Why a Statewide Coalition?
Michigan has a pressing need to control urban sprawl, reduce congestion, and strengthen public transit.

The state's open space is disappearing fast as malls, offices, and parking lots fan out along the urban fringe and devour the countryside. More and more people live farther away from where they work, shop, play, and go to school. The result is that moms, dads, and their teenagers all need cars.

Across Michigan, residents are feeling the cost of designing communities around automobiles. Family expenses to maintain fleets of vehicles are climbing. Malls are draining the life out of Main Street. Municipal costs to maintain roads are increasing. And new roads are carving up the countryside.

From 1992 to 1997 Michigan lost an average of 77,000 acres of farmland a year.
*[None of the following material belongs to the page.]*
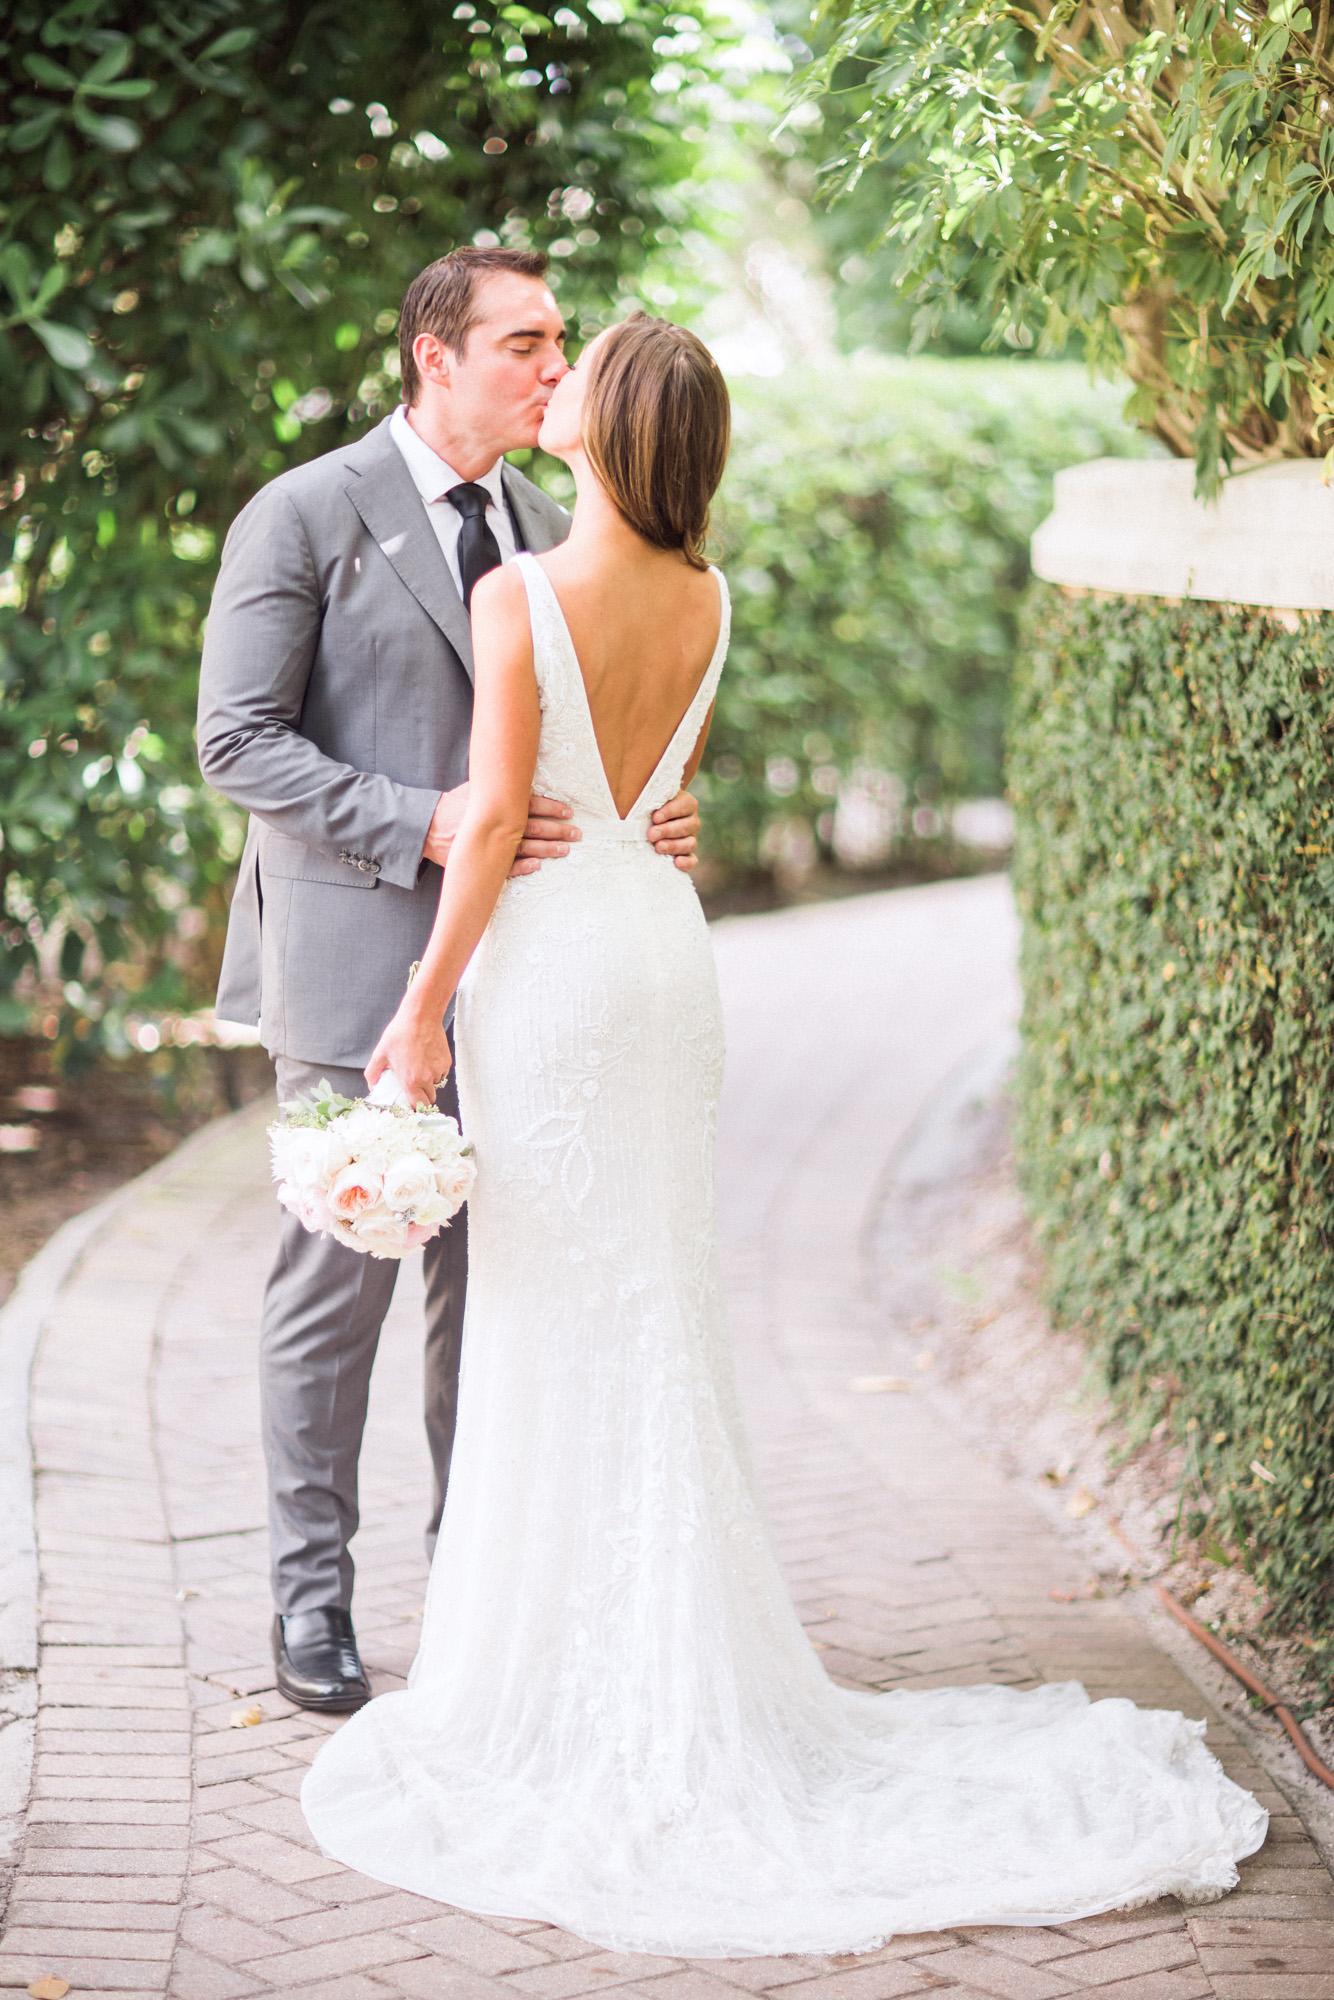 la-playa-naples-florida-destination-wedding-photographer-justine-steve-09787.jpg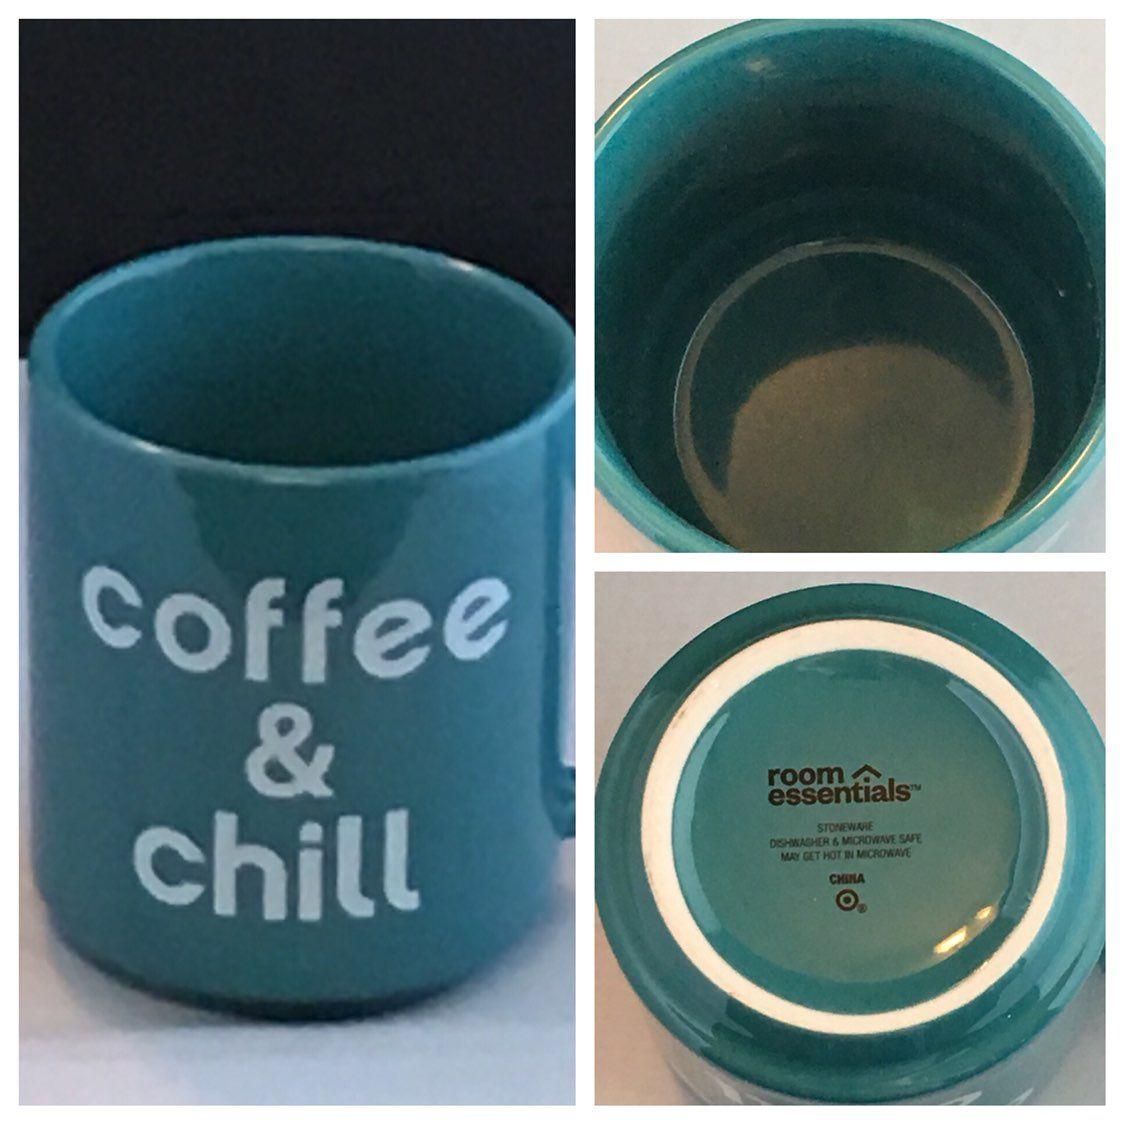 Coffee Mug Till Green Coffee Chill Mug - Mercari: The Selling App ...

Over the same period, the number of motor vehicles in Michigan surged by more than 800,000, growing at a rate three times faster than the state's population.

The Michigan Transportation and Land Use Coalition's efforts are directed at making state Department of Transportation officials recognize the connection between the roadways they build and the sprawling development that follows. The next step is to design convenient transportation choices that reduce the growing dependence on cars and pavement. Planning more and wider highways, say Coalition members, is moving Michigan in the wrong direction.